### [THE PROBLEM]
Only the lines below, from the one with "MILANO Siyah Cilt Kadın Topuklu BOT" through the one with "Po lewej płynny", are to be written out, exactly.

### [EXTRACTED MATERIAL]
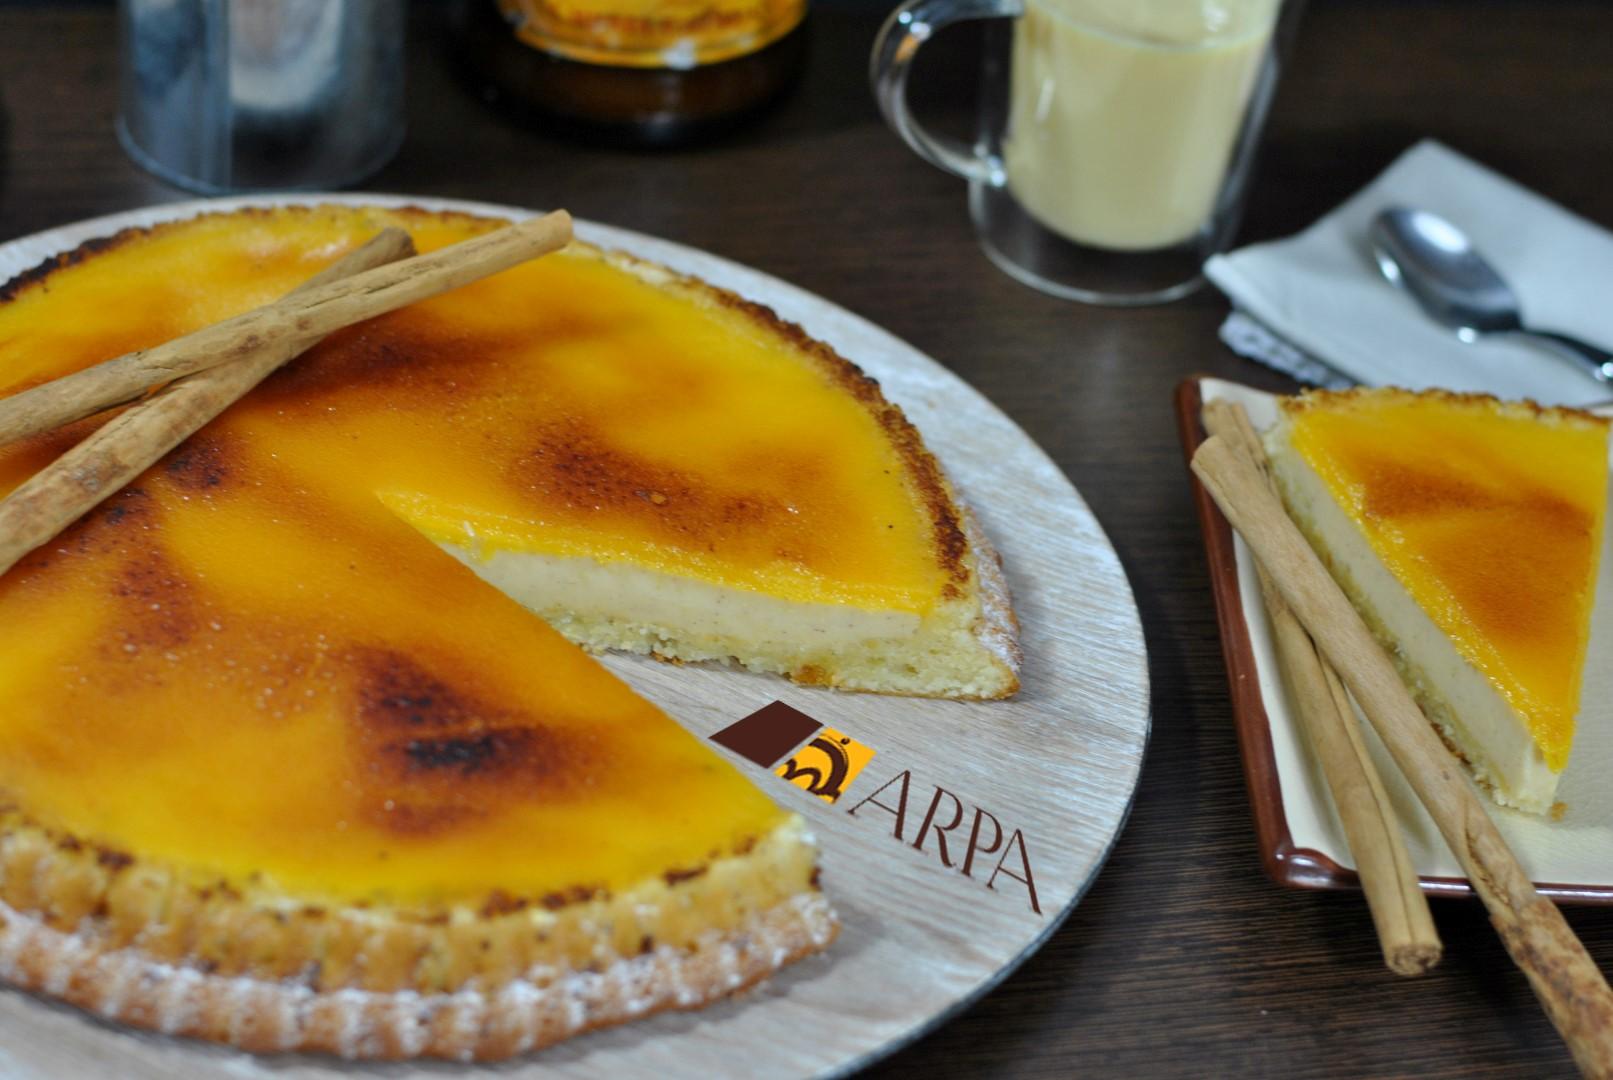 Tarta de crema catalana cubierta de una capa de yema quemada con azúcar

* * *

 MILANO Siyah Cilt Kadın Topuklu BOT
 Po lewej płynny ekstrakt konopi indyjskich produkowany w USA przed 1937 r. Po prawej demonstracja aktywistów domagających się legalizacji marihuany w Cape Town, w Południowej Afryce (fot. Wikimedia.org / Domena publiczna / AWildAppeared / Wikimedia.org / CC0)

==

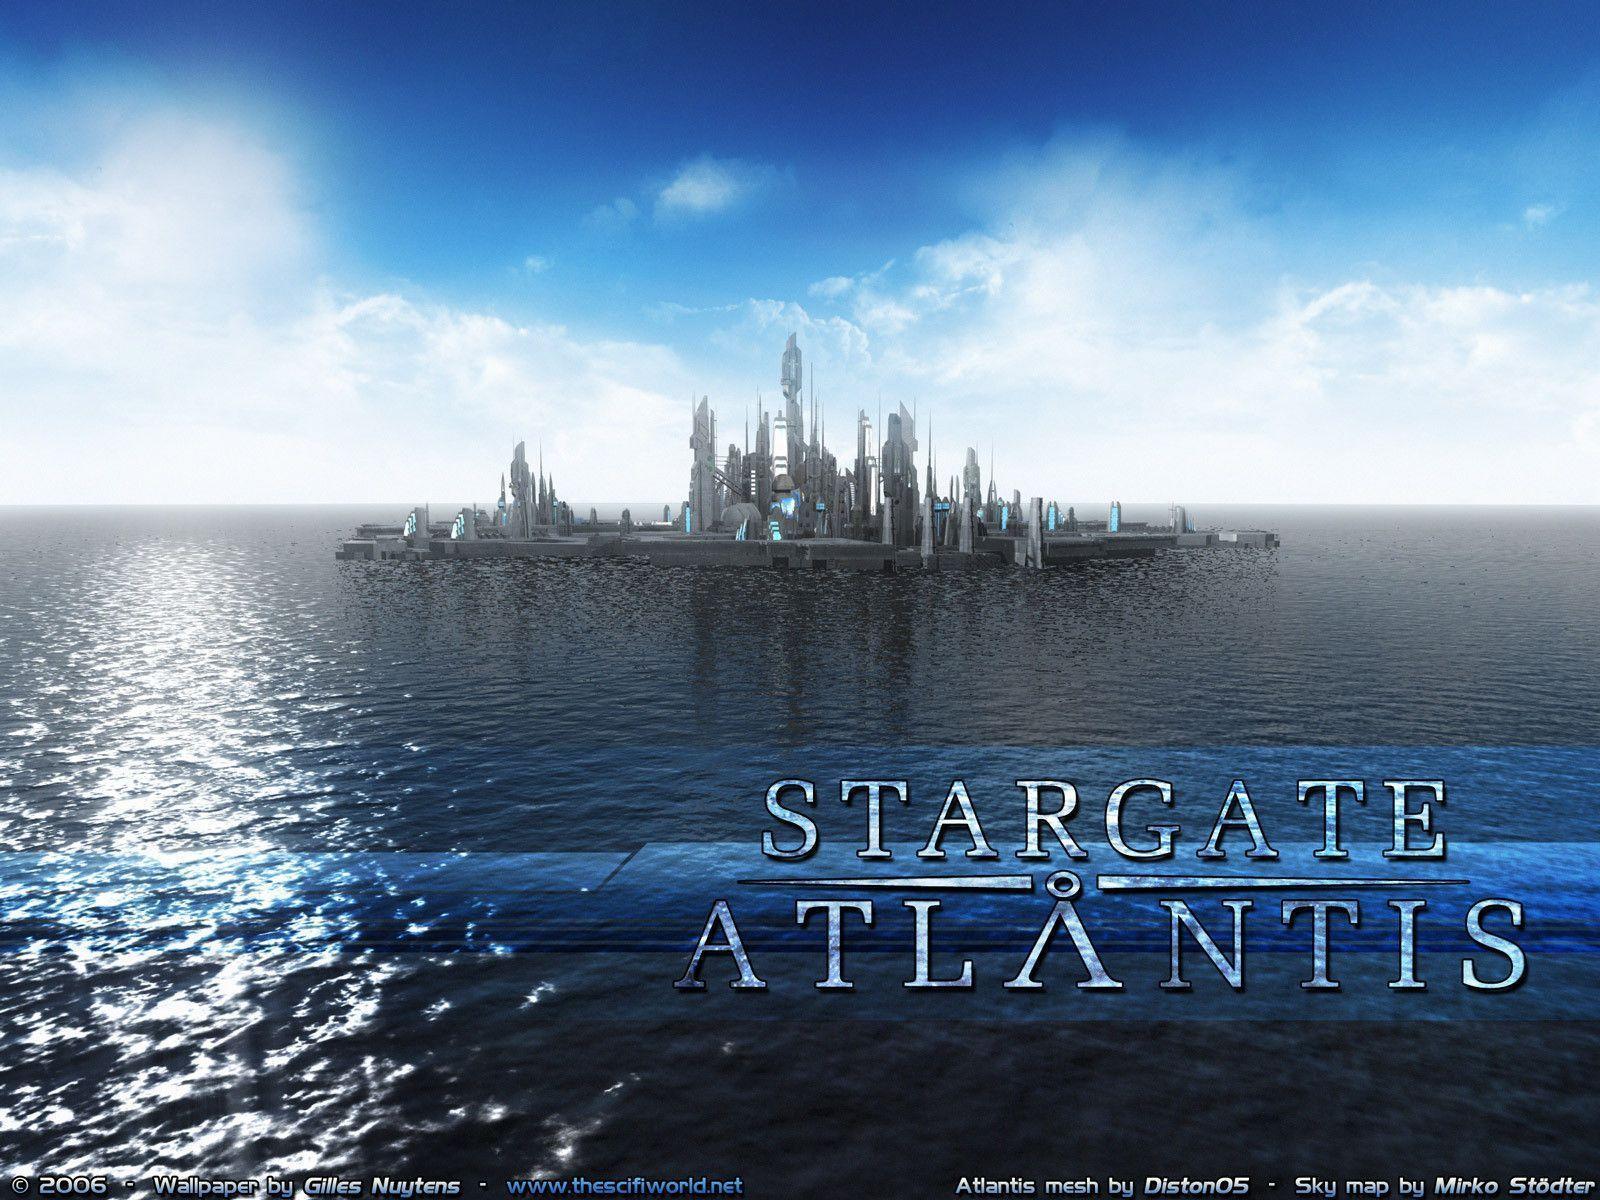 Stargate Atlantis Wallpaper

### [SOLUTION TO THIS EXERCISE]
 MILANO Siyah Cilt Kadın Topuklu BOT
 Po lewej płynny ekstrakt konopi indyjskich produkowany w USA przed 1937 r. Po prawej demonstracja aktywistów domagających się legalizacji marihuany w Cape Town, w Południowej Afryce (fot. Wikimedia.org / Domena publiczna / AWildAppeared / Wikimedia.org / CC0)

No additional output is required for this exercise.